DSP transformations perform functions such as FFTs or DFTs; they transform between the time and frequency domains.
There are shelves of textbooks that cover filtering; a two-page summary is necessarily incomplete. Typical characterisations of transformations include:
As a rule of thumb, computational requirements are O(n log n) in the number of points. Double the number of points doubles the time that an FFT takes plus a bit more.
Typically, overflow leads to chaos. Numbers are typically rounded to the nearest value, with 0.5 being rounded up.
This module provides function that performs forward and/or inverse FFTs on sets of either complex or real points. The number of cycles taken for the forward or inverse FFT is roughly the same.
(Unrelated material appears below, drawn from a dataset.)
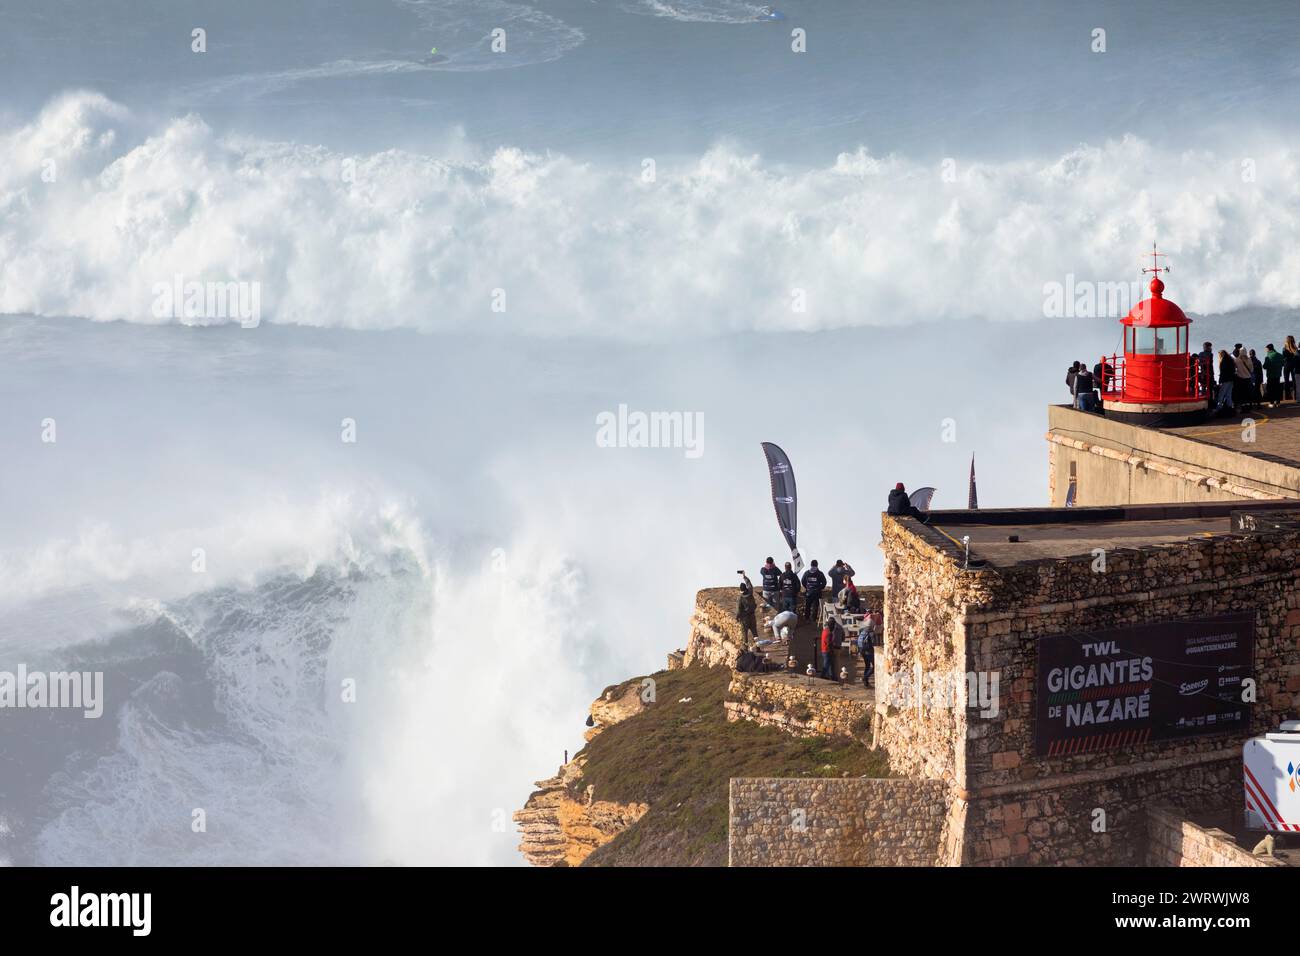 Europa, Portogallo, regione di Oeste, Nazaré, folla che guarda le enormi onde da Forte de Sao Miguel Arcanjo durante il Free Surfing Event 2022 Foto Stock

The table below shows the number of thread cycles for the bit twiddling, and for performing either an forward or an inverse FFT. The maximum rate shows the rate for performing a twiddle, a forward FFT, a twiddle, and an inverse FFT on a single 50 MIPS thread:
Points | Thread cycles | Max rate FFT+Inv |
Error | Memory | Status | |
Twiddle | FFT | |||||
64 | 886 | 10810 | 2137 Hz | 3-4 bits | 1 KB | Implemented |
1024 | 14626 | 256340 | 92 Hz | 5-6 bits | 2 KB | Implemented |
N | 14 N | 25 N log N | 2/N log N | N/2 bits | 1 KB + N | Implemented |
The memory required comprises roughly 1K of code, and then extra space for a sin() lookup table. It excludes storage for the data points, which amounts to eight bytes per point (four bytes real part, and four bytes imaginary part).
Note that there is a trade-off between rounding and accuracy - the inverse FFT can be made more accurate (by half to one extra bit) at a cost of 5% extra instructions. This is marked in the code. The errors are indications only, maximum errors will be higher and are value dependent.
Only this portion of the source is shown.